(G. D. II. 10.)
La tournure moderne pour employer aussi, serait: aussi n’est-ce pas en gentilhomme, etc....
Mais le XVIIe siècle conservait aussi même après la négation exprimée, qui aujourd’hui commande non plus.
—«Ragotin fit entendre à la Rancune qu’une des comédiennes luy plaisoit infiniment. Et laquelle? dit la Rancune. Le petit homme estoit si troublé d’en avoir tant dit, qu’il respondit: Je ne sçay.—Ny moy aussy, dit la Rancune.»

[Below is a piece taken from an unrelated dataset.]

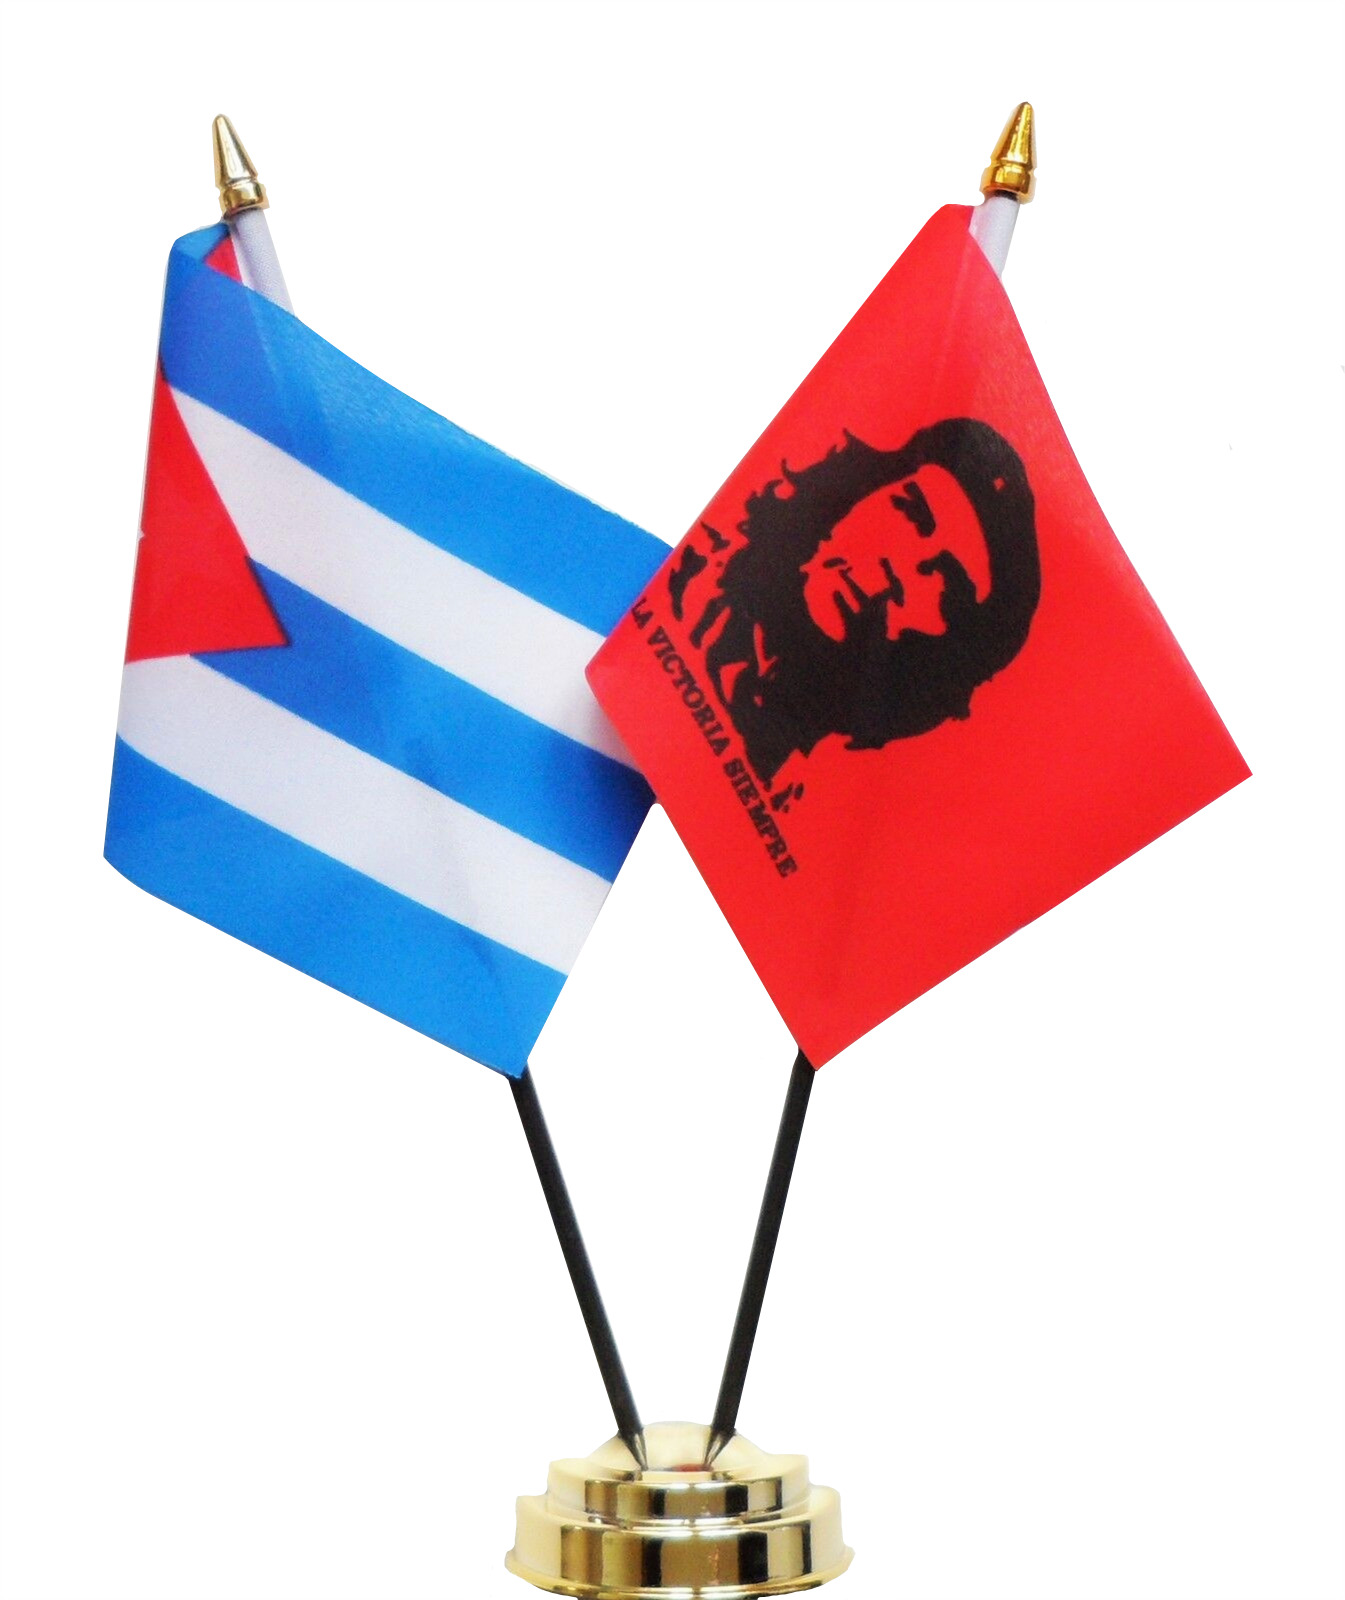 Cuba & Che Guevara Double Friendship Table Flag Set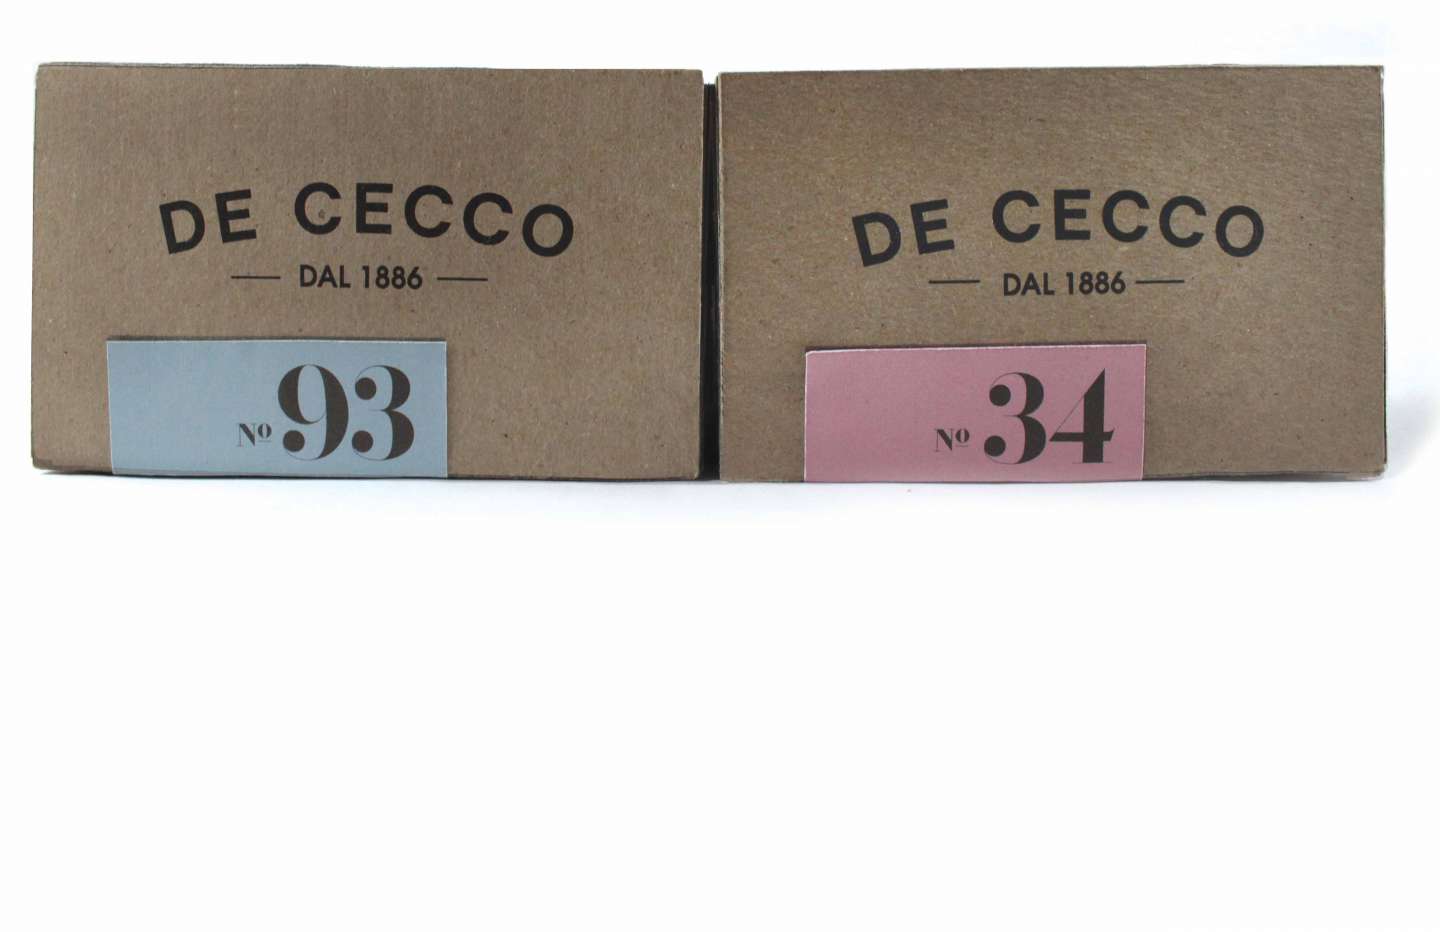 De Cecco Packaging

(Scarron. Rom. com. 1re p. ch. XI.)
«Ces paroles ne peuvent donc servir qu’à vous convaincre vous-même d’imposture, et elles ne servent pas aussi davantage pour justifier Vasquez.»
(Pascal. 12e provinc.)
L’étymologie d’aussi est etiam. On disait dans l’origine essi, d’où l’on fit aisément ossi, et l’on écrivit par corruption aussi. Sylvius, dans sa grammaire imprimée chez Robert Estienne, en 1531, dit: «Etiam, eci vel oci; corrupte aussi.» (P. 145.)
AUTANT; IL N’EN FAUT PLUS QU’AUTANT, pour dire il ne s’en faut guère:
On la croyoit morte, et ce n’étoit rien.